Photographer John McCutchen was the only one in the newsroom, she said, “and when I got there, I said: Have you called the seniors (the top editors)? He said, yeah. And instead of working out that morning, I put on my work clothes and we got to it. We put out an extra edition,” with a deadline before noon.
Bob Laurence, 75, covered politics and City Hall before becoming a music writer and later TV specialist and critic. But recalling his 1971 to 2006 tenure, he noted another beat with fondness.
“I loved general assignment,” he said of the jack-of-all-stories shift. “Every day when I went into work, I had no idea what I’d be doing. That’s the fun of it.”
If he were still writing about the boob tube, he’d be a booster.
“TV is better than ever,” Laurence said, “in terms of the diversity of what’s available, online or regular network television. Better in terms of quality. My only complaint about TV now is [there’s] too much good stuff.”

But the North Park resident, whose U-T alumnus wife is Pulitzer Prize-winner Susan White, is less jazzed about presidential coverage.
“The media were totally irresponsible” in how they dealt with Donald Trump, he said. “They gave him a blank check. If [he] called up in the middle of the night, the anchorman would be there to take his call. The media made him a dominant force much more than he had any right to be.”
It was another force that Hector Muñoz, 68, recalled Monday.

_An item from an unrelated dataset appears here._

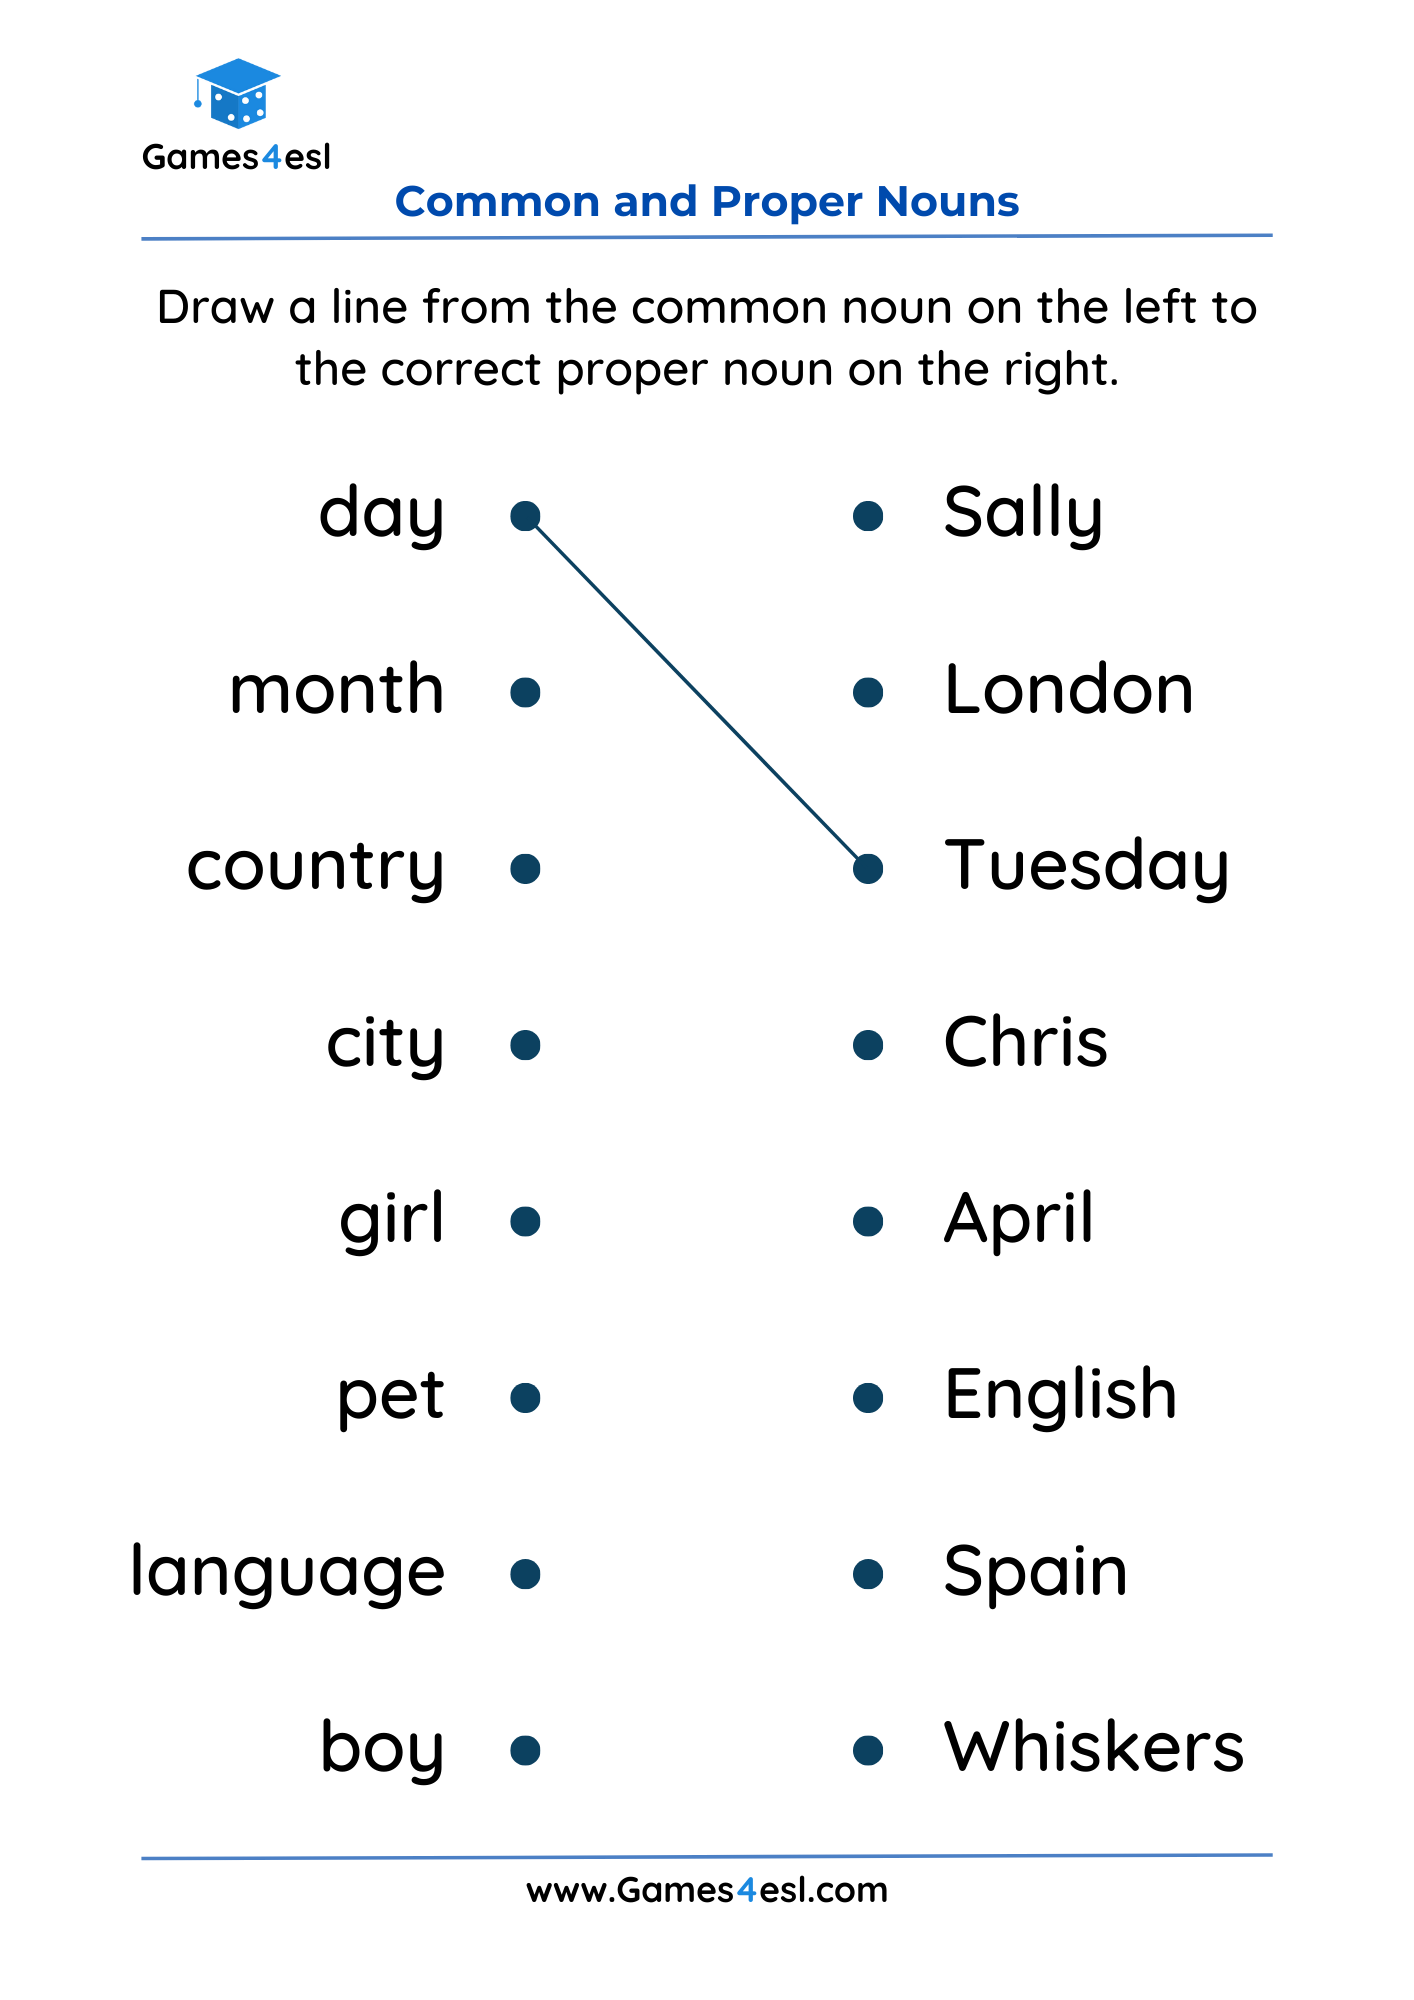 A Grade 2 Worksheet for teaching common and proper nouns.

A news assistant or photo desk aide for 36 years, starting in 1967, Muñoz was the son of a former house worker for the owner and publisher Copleys in La Jolla.
“My first day there. Jack Gregg … said: ‘OK, kid, I’m going to take you around to meet some of the people here,’” introducing the awestruck lad to star reporters and editors.
With Gregg present Monday, Munoz spent quality time with him — showing his appreciation nearly a half-century later.
“I will never forget that,” he said. “There was smoke all over the place, and a couple of people had their little ‘sacred water’ in the belly drawer.
“It was awesome.”
Ken Stone worked at the Tribune or Union-Tribune from 1986 to 2010.